Is there a internet read protocol flag that can reduce this overhead?
I note that my browser (not used for this job) has a multimedia option to
kill most of the web page display
altho I'm not sure the transmission of all those pictures doesnt take still
place and internet explorer browser
just suppresses their display.
| |
| Janne Blomqvist 2005-06-06, 3:58 pm |
| David Frank wrote:
> I currently download/extract stock quotes within my Fortran day-trading
> program by wading thru the html stuff
> for the text of interest (prices)..
>
> A typical once a minute read may have 25kb of pictures etc surrounding the
> 300 bytes of stock price text of interest.
> Is there a internet read protocol flag that can reduce this overhead?
Actually, at the http protocol level you have to explicitly download
all the images and so on separately; it's just that web browsers
conveniently do this automagically for you.
> I note that my browser (not used for this job) has a multimedia option to
> kill most of the web page display
> altho I'm not sure the transmission of all those pictures doesnt take still
> place and internet explorer browser
> just suppresses their display.
So what are you using to download the web page then?
Anyways, if what you're using now doesn't work you can always use
something like curl ( http://curl.haxx.se/ ) or wget (
ftp://sunsite.dk/projects/wget/windows/ ).
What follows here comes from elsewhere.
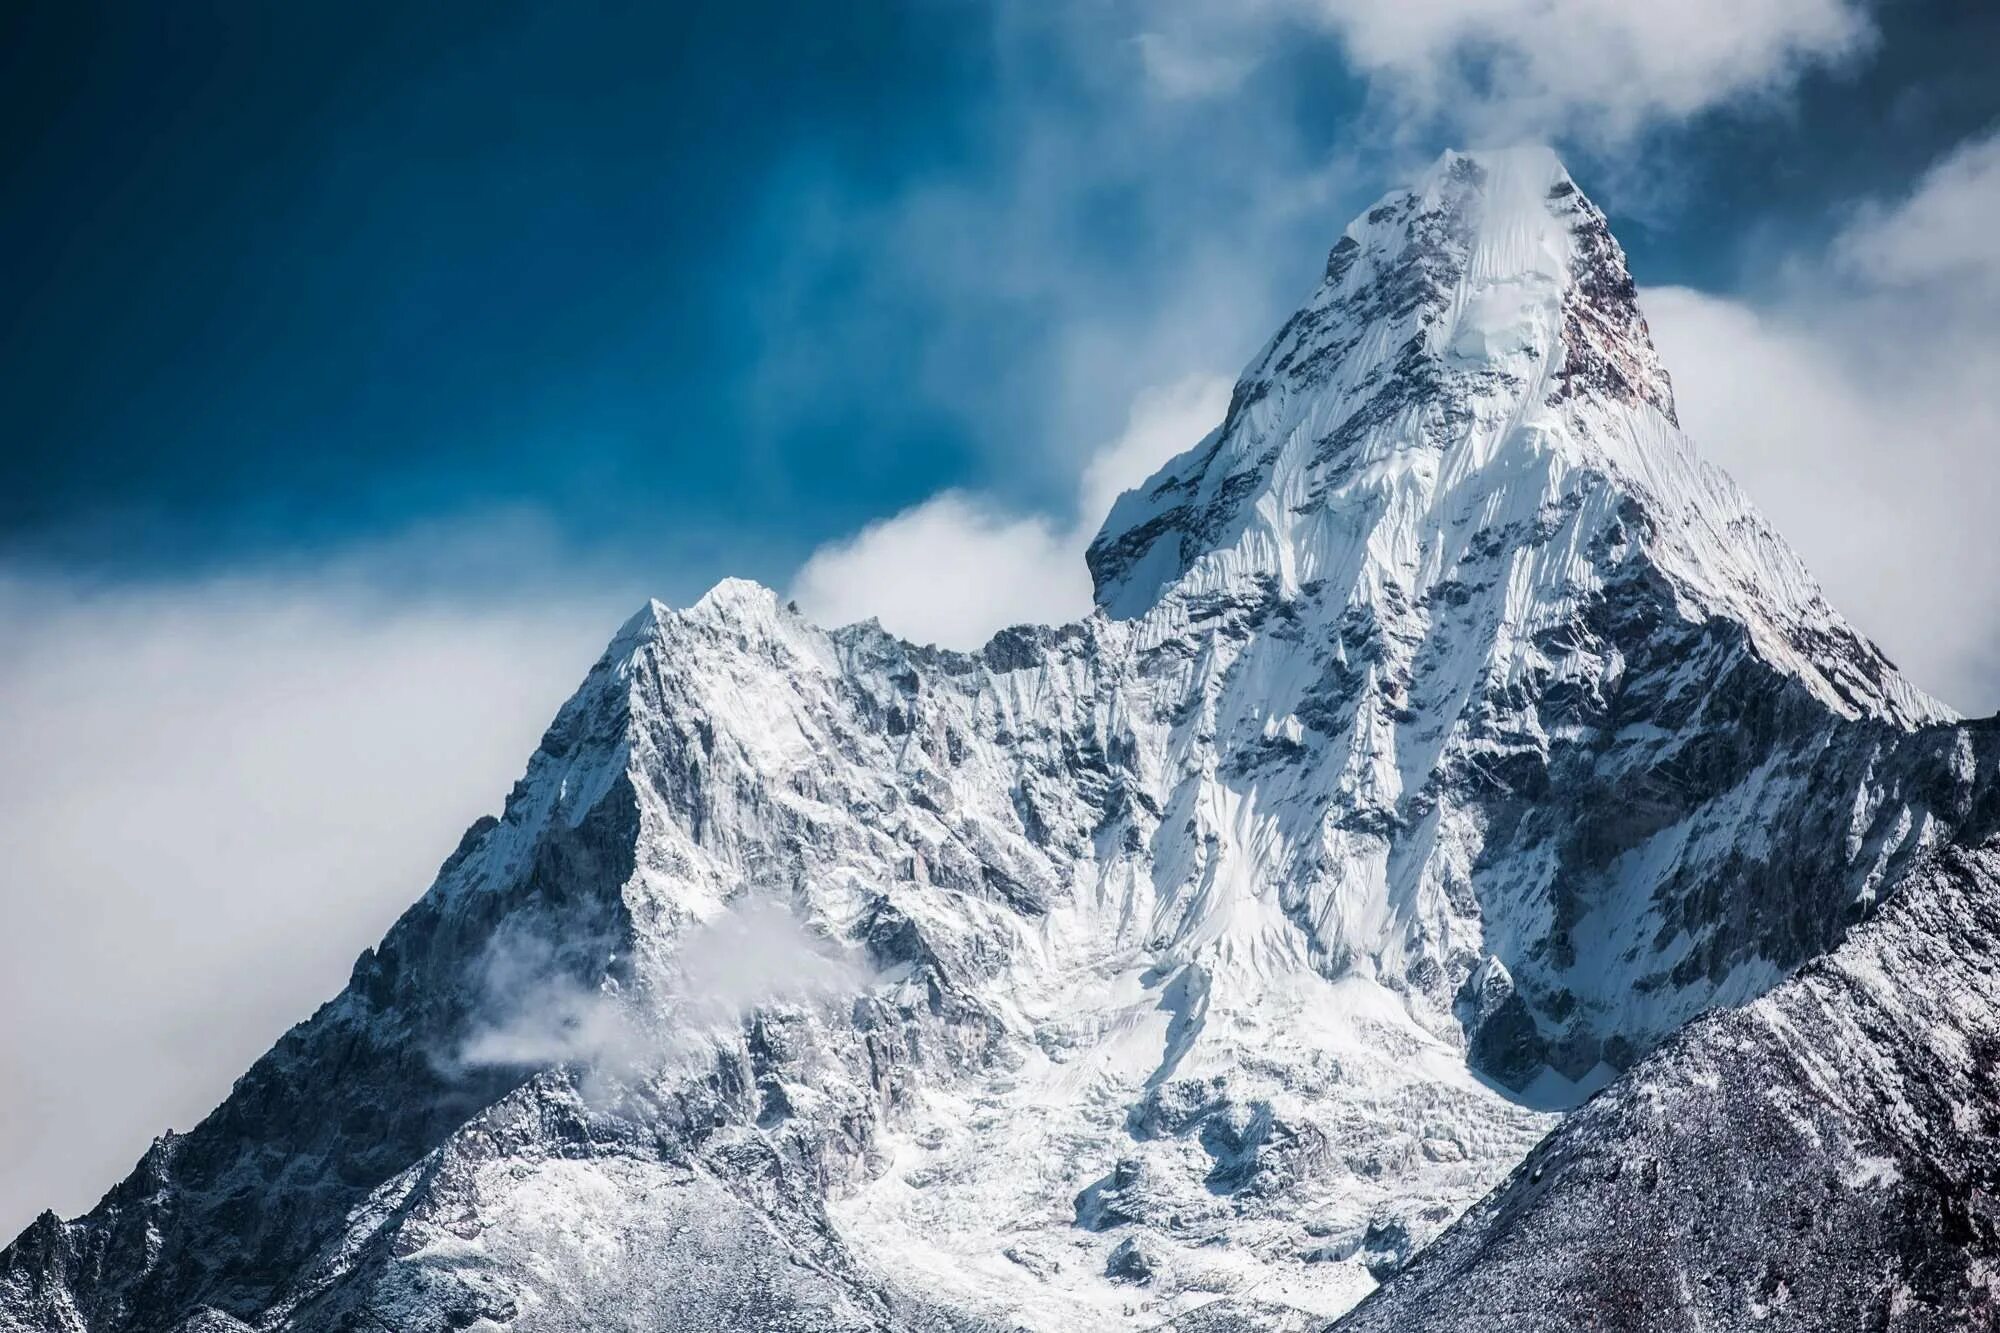 Higher mountains. Гималаи Эверест Джомолунгма. Ама Даблам гора. Гора Джомолунгма (Эверест), гора Монблан.. Ама Даблам пик.

Curl even has a library
which you probably can call directly from your code.
Or if you don't want to install any extra software, IIRC windows still
has a telnet client so you could just telnet to port 80 (in case you
somehow can send commands to the windows telnet client
non-interactively, e.g. via a file specified on the command line).
--
Janne Blomqvist
| |
| Dr Ivan D. Reid 2005-06-06, 3:58 pm |
| On Mon, 06 Jun 2005 15:19:11 GMT, David Frank <dave_frank@hotmail.com>
wrote in <PPZoe.130$VK4.122@newsread1.news.atl.earthlink.net>:
> I currently download/extract stock quotes within my Fortran day-trading
> program by wading thru the html stuff
> for the text of interest (prices)..
> A typical once a minute read may have 25kb of pictures etc surrounding the
> 300 bytes of stock price text of interest.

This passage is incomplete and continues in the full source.